- [WORK ITEM]: Only one span of the listing below should come back. It runs from the line with "Wedding umbrellas parasols" through the line with "Novastar PBOX150 Dual-Mode", and each of its lines must be reproduced exactly.

##### SUPPLIED MATERIAL #####

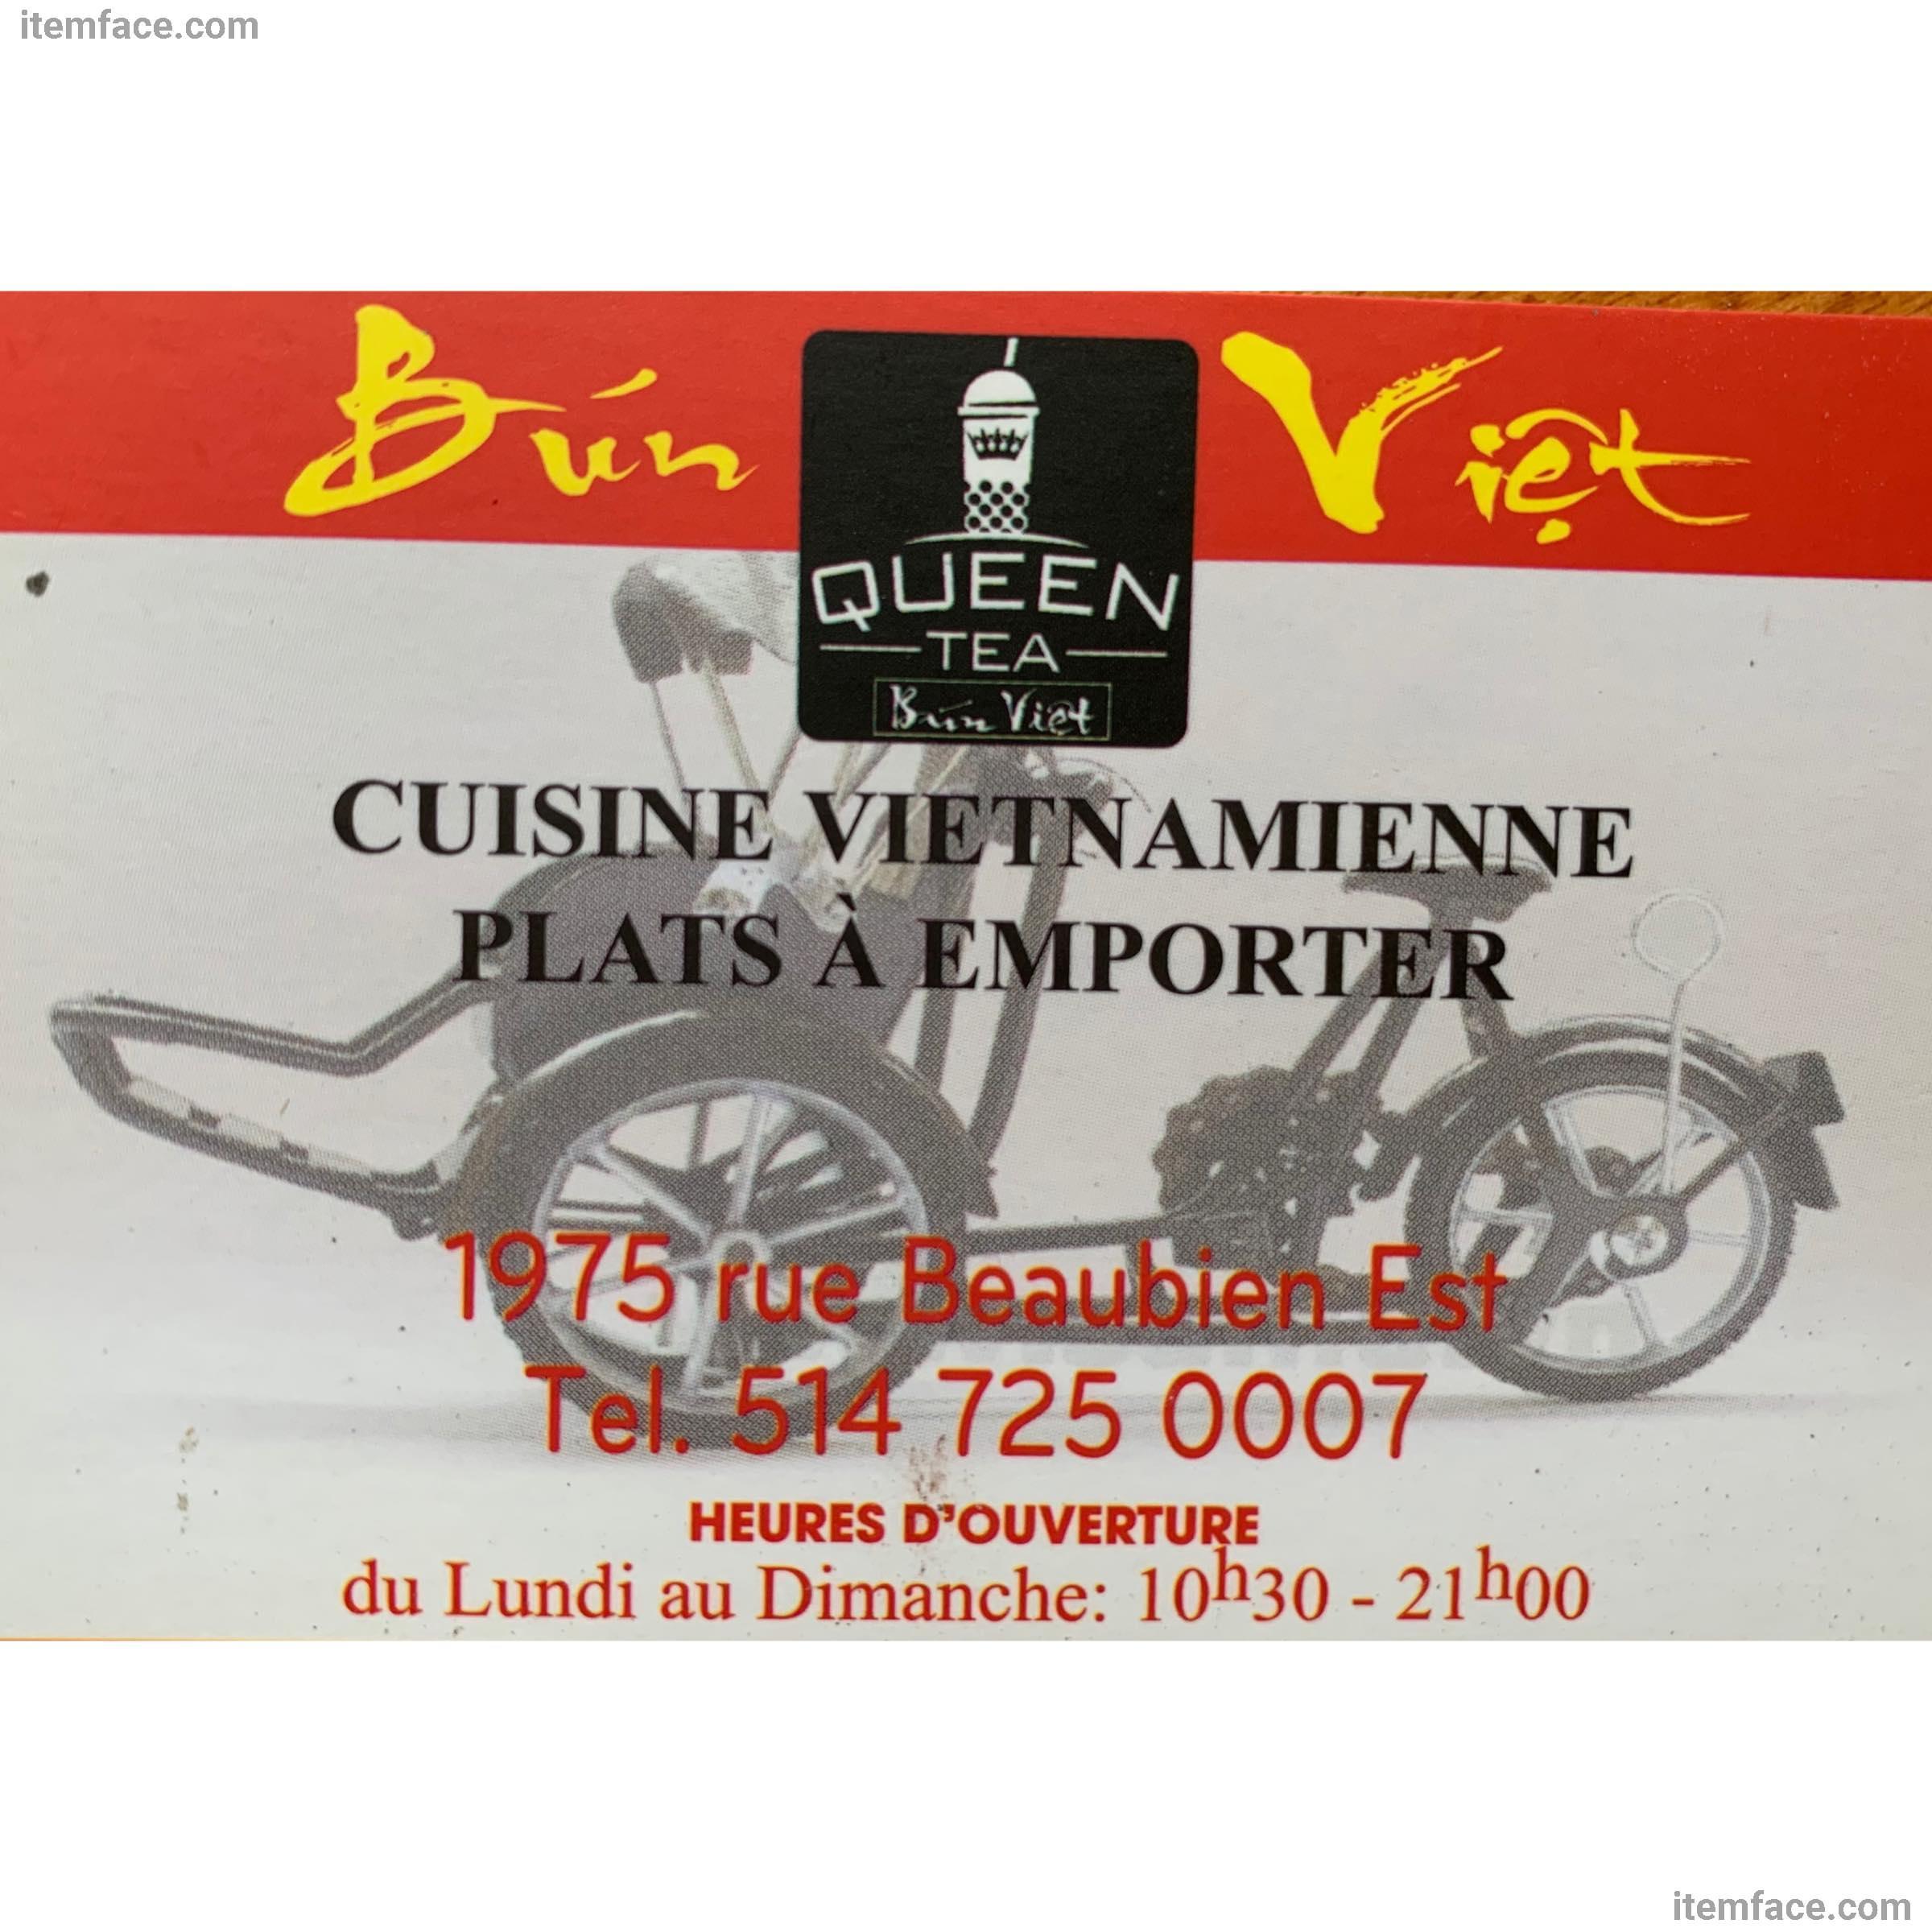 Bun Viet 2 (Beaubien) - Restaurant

#####
##### SUPPLIED MATERIAL #####

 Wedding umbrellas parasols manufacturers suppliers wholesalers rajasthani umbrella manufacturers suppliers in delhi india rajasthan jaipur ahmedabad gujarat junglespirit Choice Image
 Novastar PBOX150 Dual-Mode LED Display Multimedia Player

#####

- [REPLY TO THE TASK]:
 Wedding umbrellas parasols manufacturers suppliers wholesalers rajasthani umbrella manufacturers suppliers in delhi india rajasthan jaipur ahmedabad gujarat junglespirit Choice Image
 Novastar PBOX150 Dual-Mode LED Display Multimedia Player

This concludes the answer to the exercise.